### WHAT TO WORK ON
Beneath this instruction is a listing. Transcribe from it only the stretch from the line with "Flame Gun - FLAME" through the line with "325 SW 67th", both end lines included, exactly as written.

### DATA FOR THE TASK
********
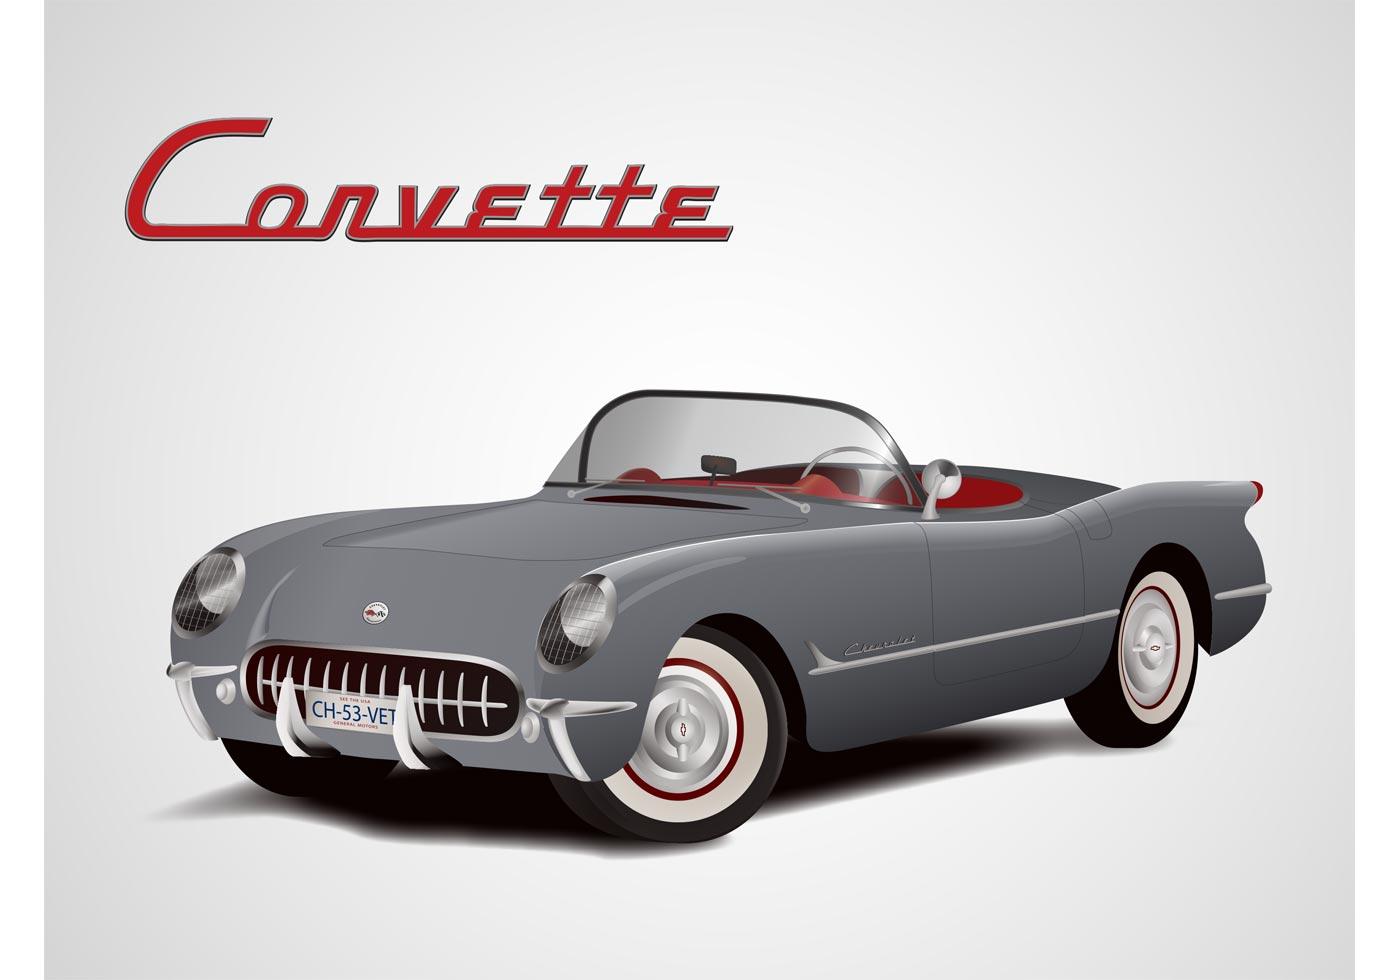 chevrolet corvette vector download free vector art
********
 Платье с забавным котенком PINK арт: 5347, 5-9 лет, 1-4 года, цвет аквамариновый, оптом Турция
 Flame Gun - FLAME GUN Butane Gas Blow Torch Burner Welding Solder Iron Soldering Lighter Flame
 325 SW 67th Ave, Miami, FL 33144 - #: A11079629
********
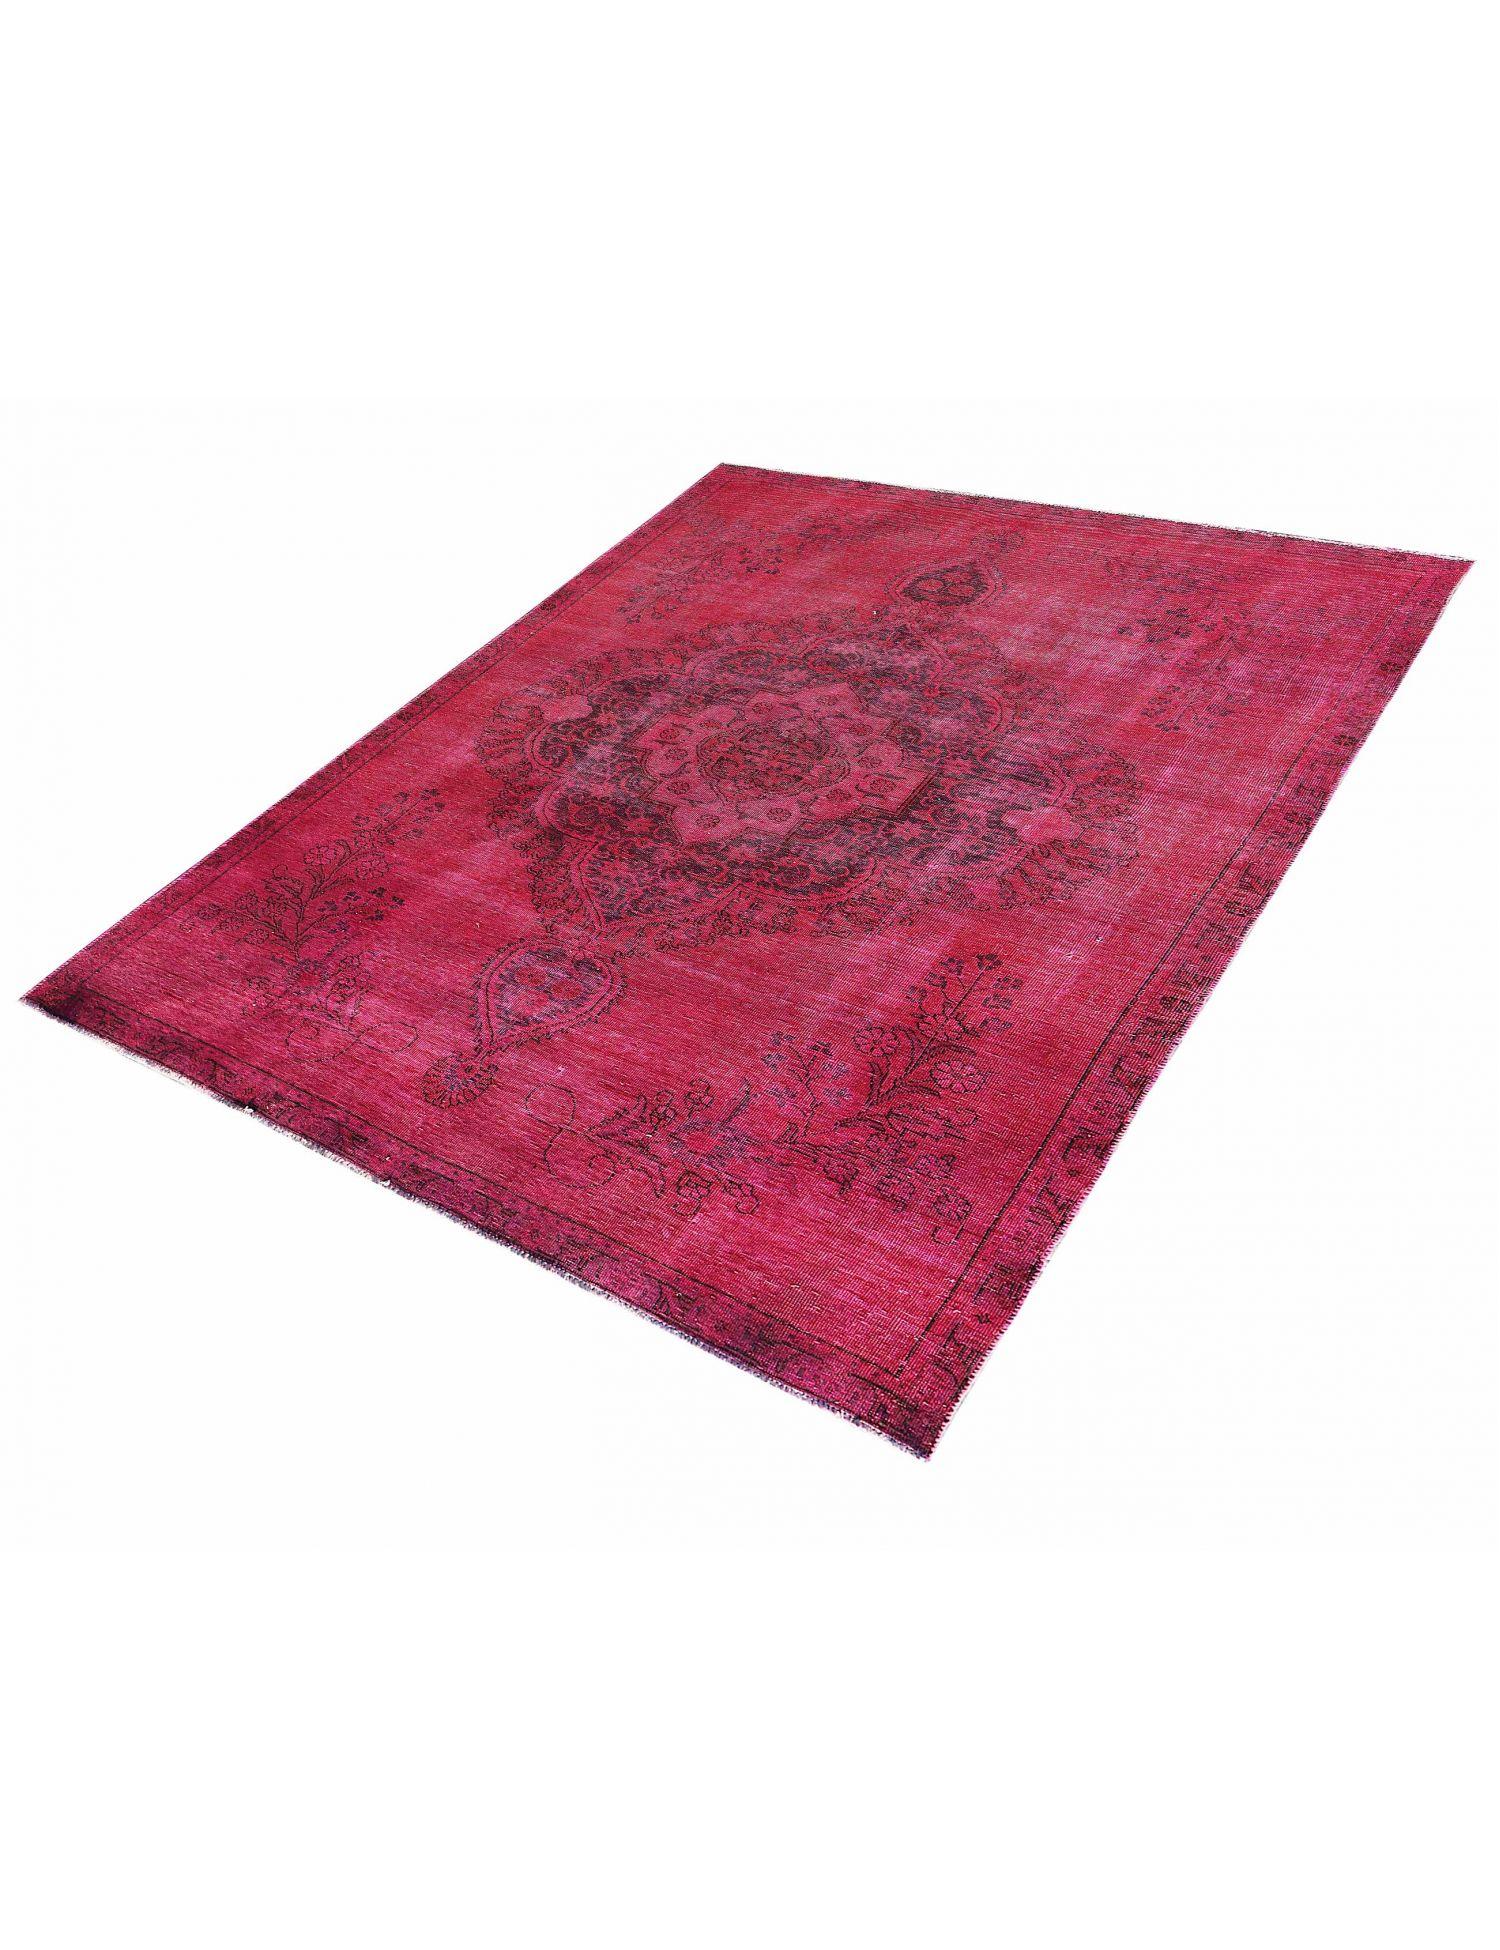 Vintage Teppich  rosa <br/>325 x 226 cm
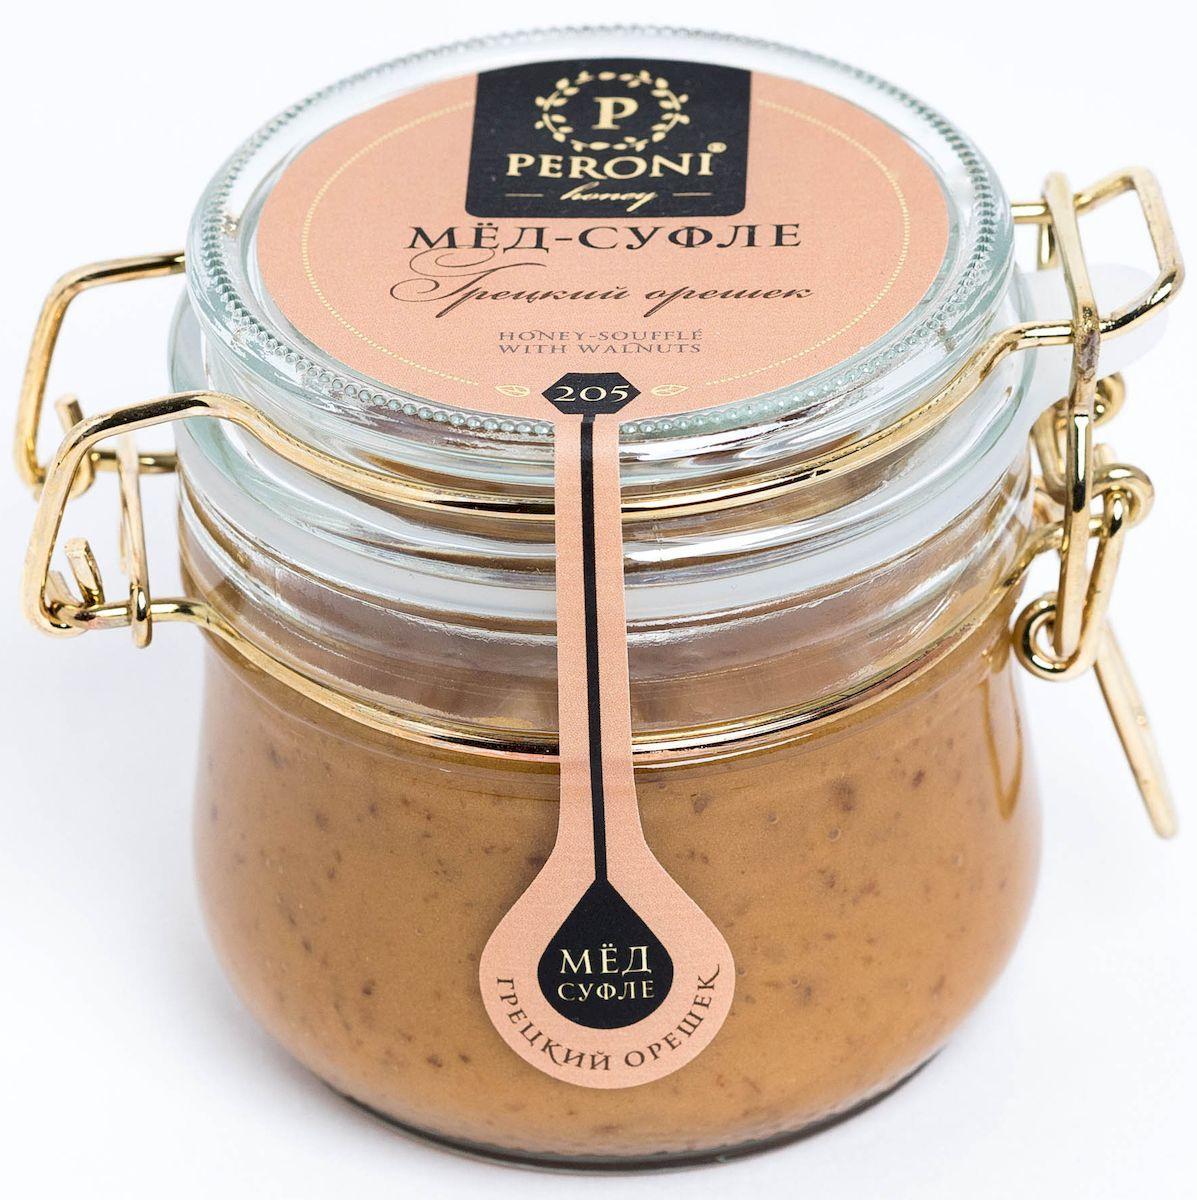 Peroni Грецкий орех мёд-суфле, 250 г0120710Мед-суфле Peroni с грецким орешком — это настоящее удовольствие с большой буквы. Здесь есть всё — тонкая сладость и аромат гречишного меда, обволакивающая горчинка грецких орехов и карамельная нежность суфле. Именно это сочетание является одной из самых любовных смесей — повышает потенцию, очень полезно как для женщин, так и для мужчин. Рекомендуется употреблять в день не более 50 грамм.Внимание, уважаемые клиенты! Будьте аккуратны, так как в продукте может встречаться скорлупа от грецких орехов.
********
### ANSWER AREA
 Flame Gun - FLAME GUN Butane Gas Blow Torch Burner Welding Solder Iron Soldering Lighter Flame
 325 SW 67th Ave, Miami, FL 33144 - #: A11079629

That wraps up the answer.